§ **Action item**
From the listing below, reproduce exactly the lines starting with the one with "Flume Gorge in Winter" and going on through the one with "ZARA x Barbie", both ends kept. No picture is copied.

(Supplied records)

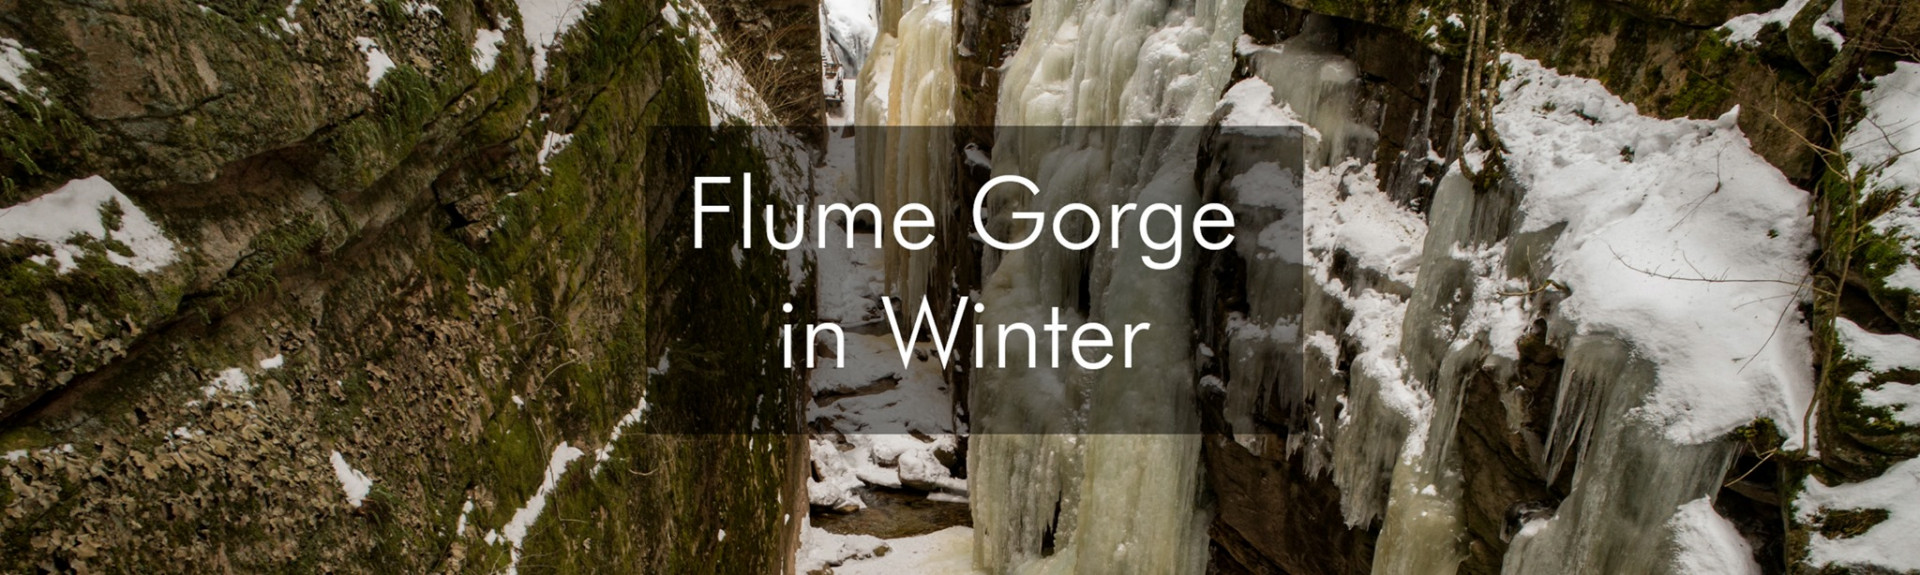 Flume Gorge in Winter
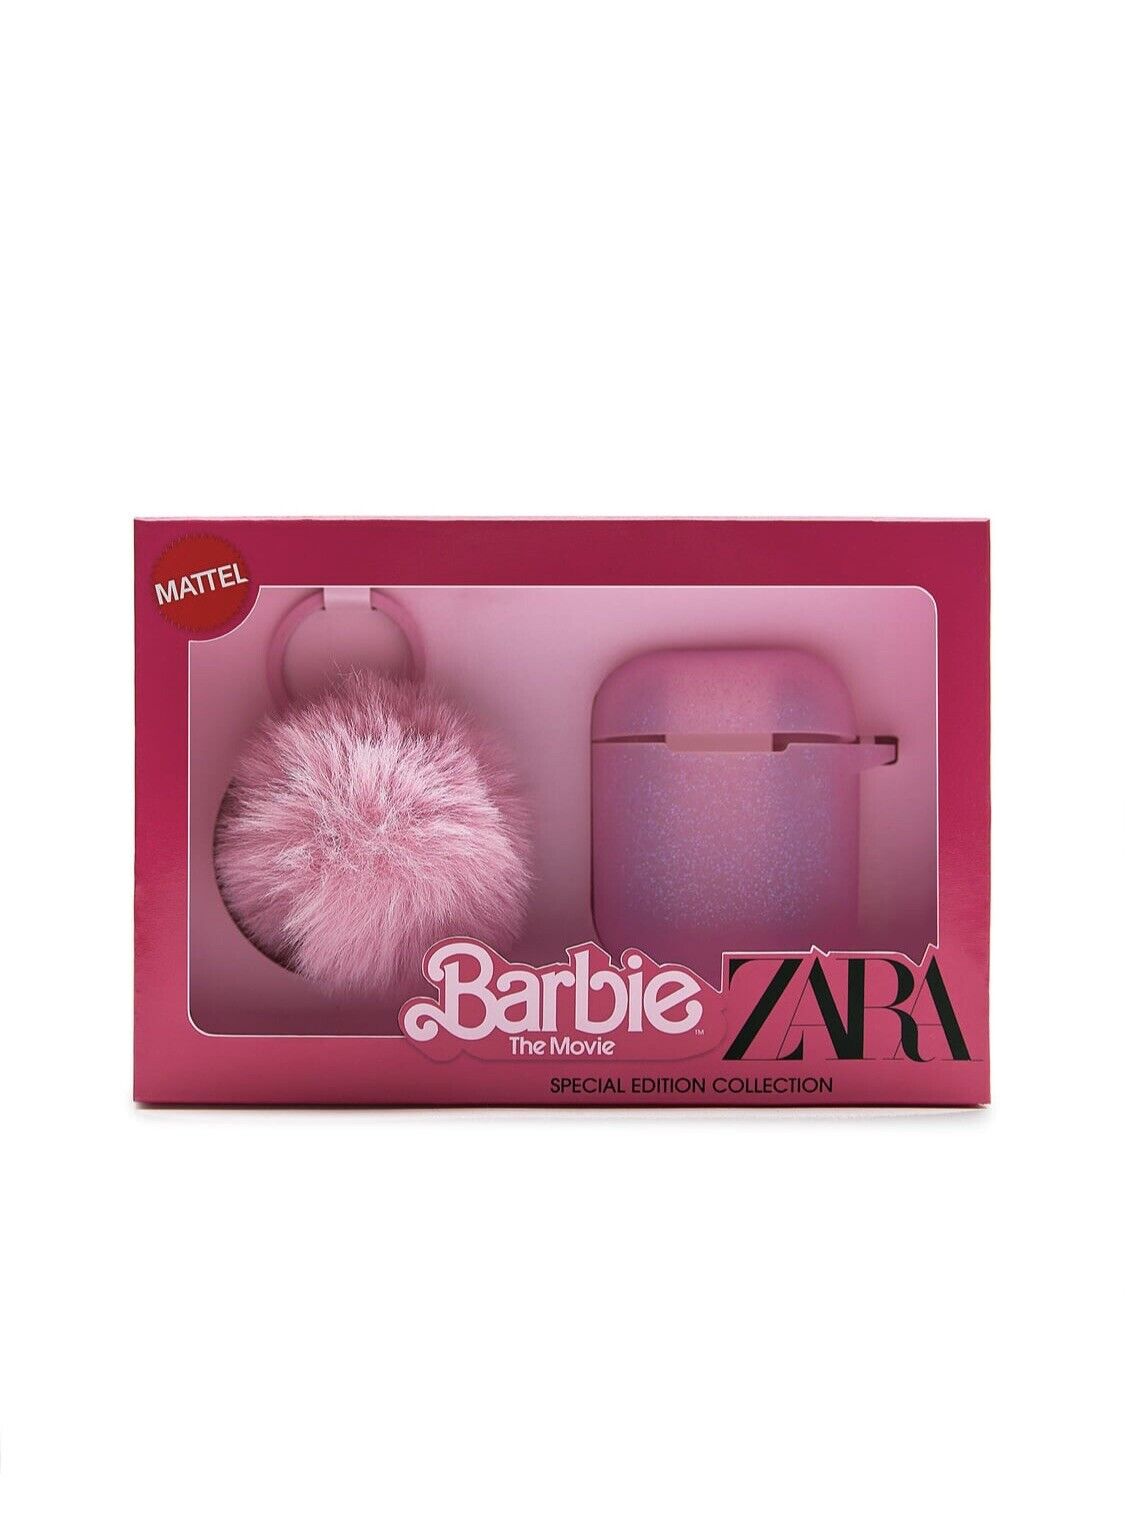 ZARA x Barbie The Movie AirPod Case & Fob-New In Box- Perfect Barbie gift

(End Supplied records)
(Supplied records)

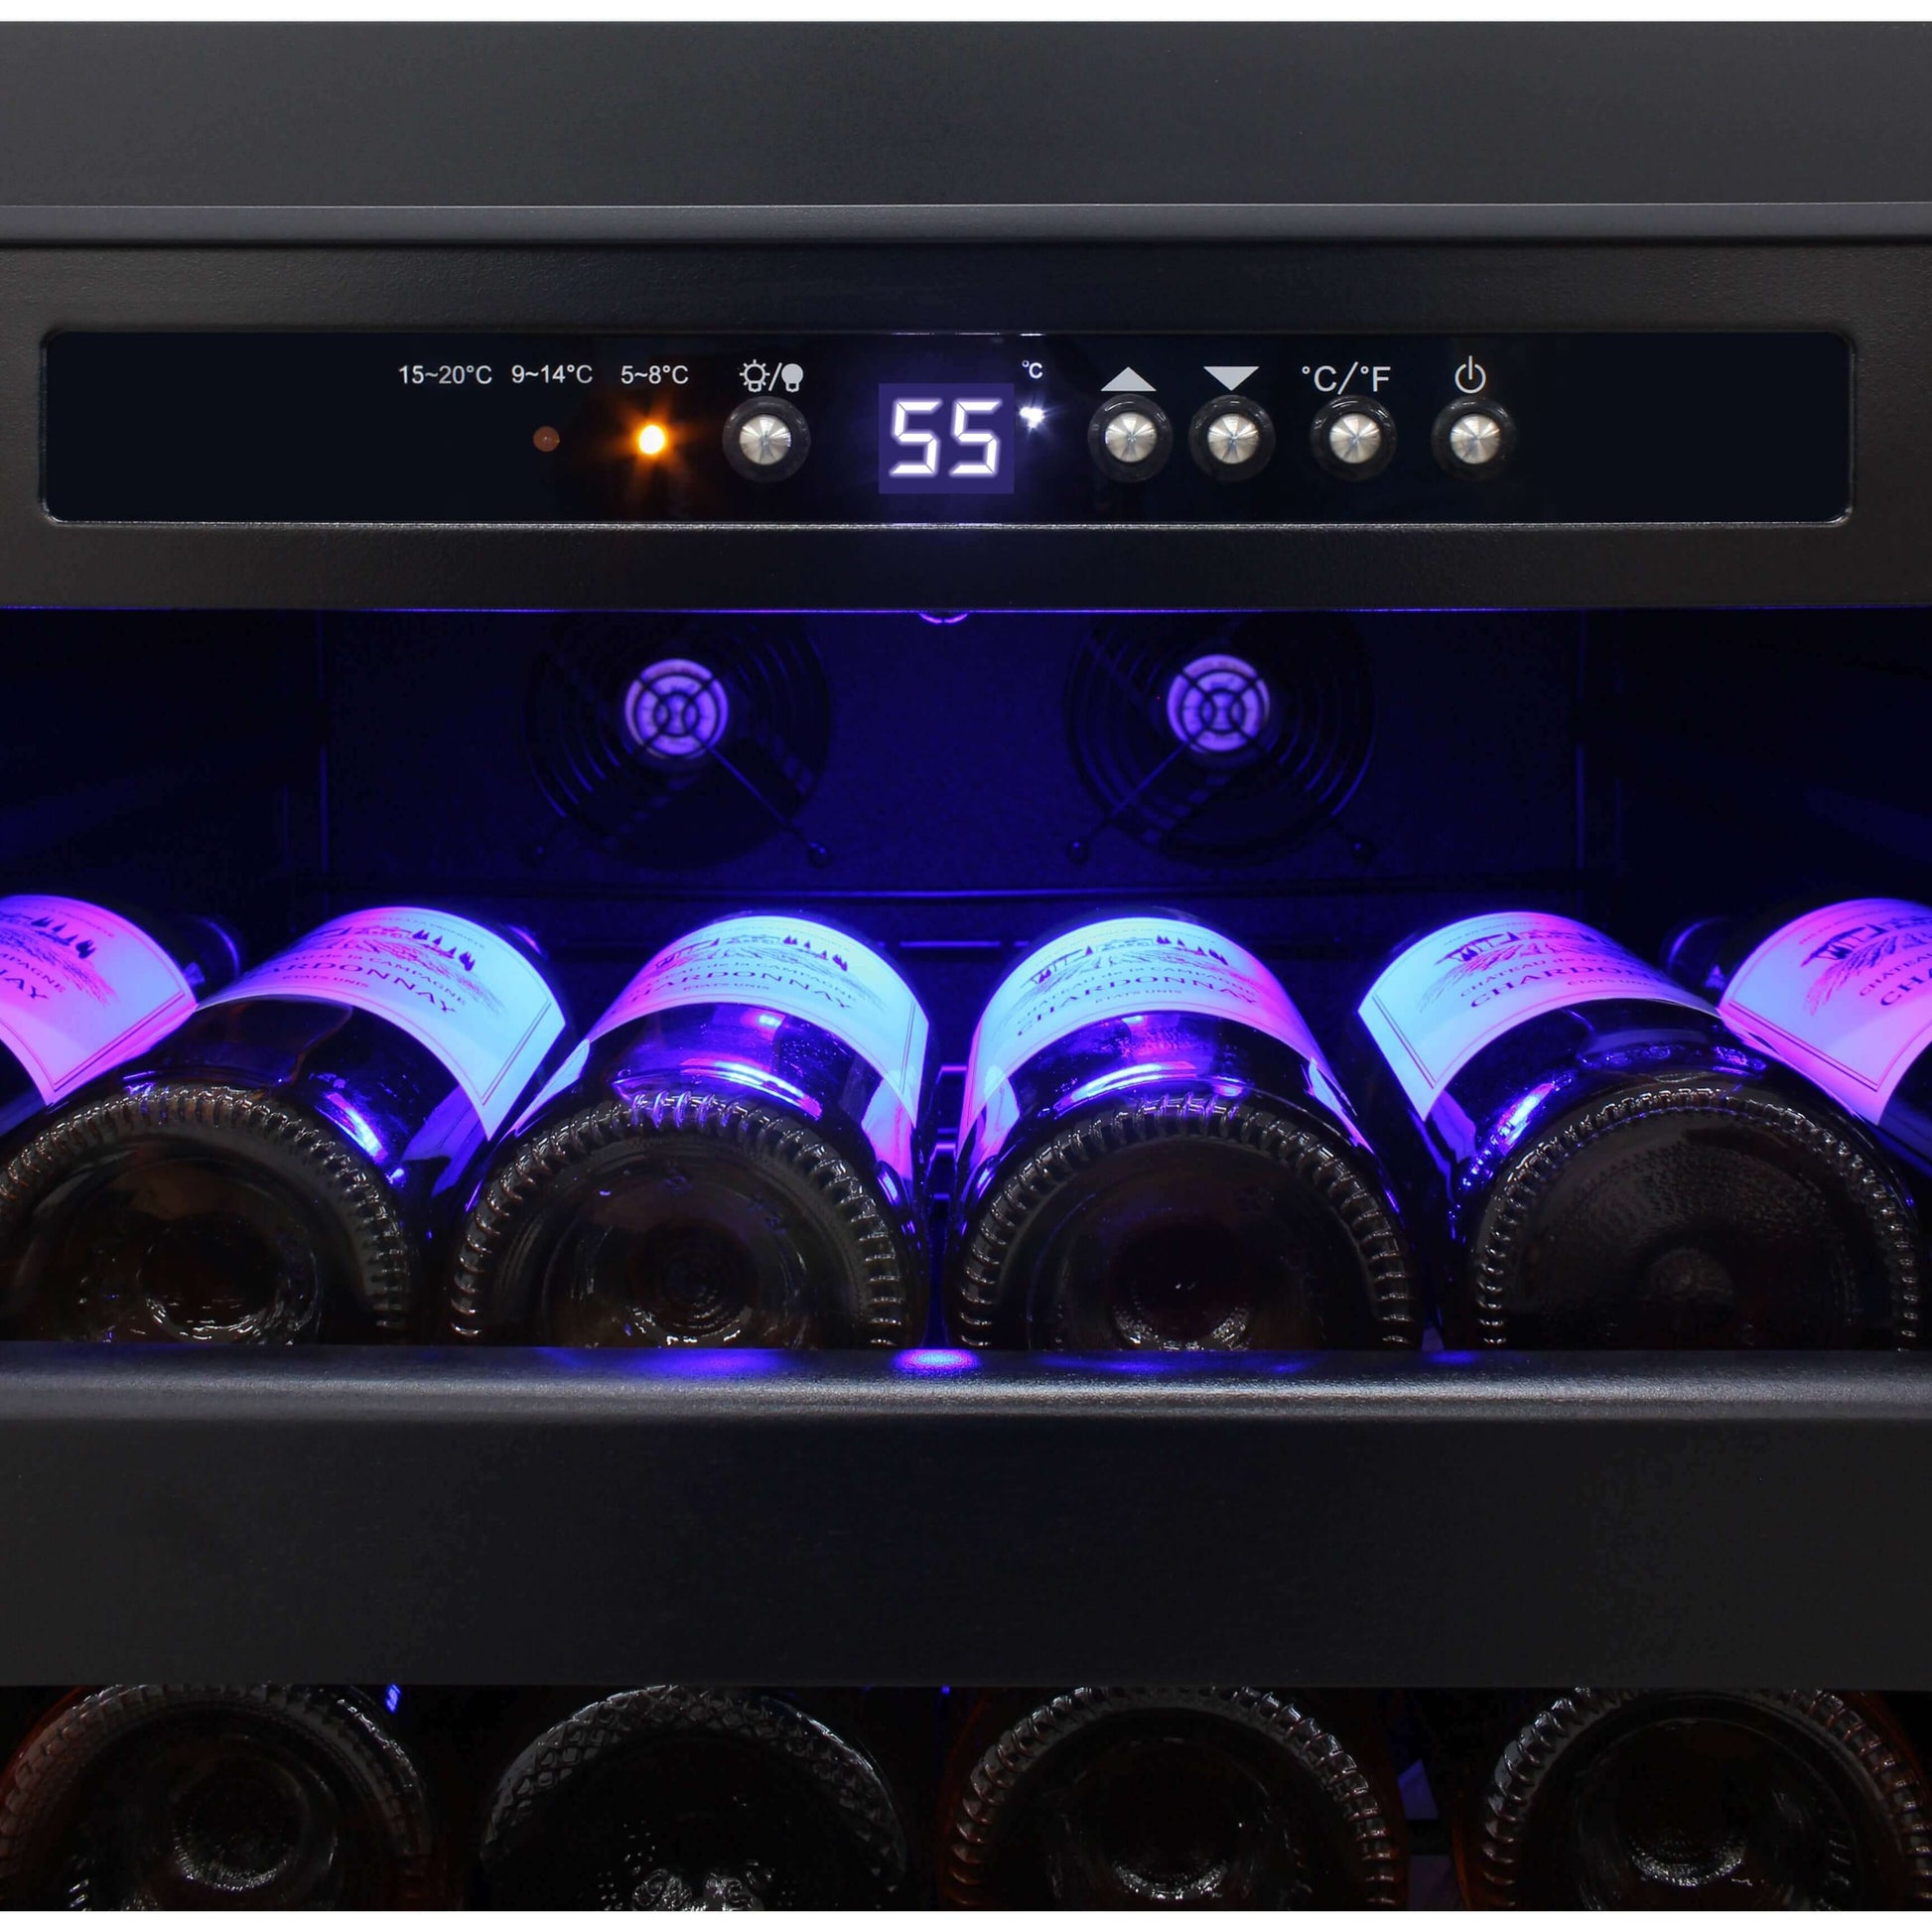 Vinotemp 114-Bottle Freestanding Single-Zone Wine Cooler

(End Supplied records)

§ **Output below**
 Flume Gorge in Winter
 ZARA x Barbie The Movie AirPod Case & Fob-New In Box- Perfect Barbie gift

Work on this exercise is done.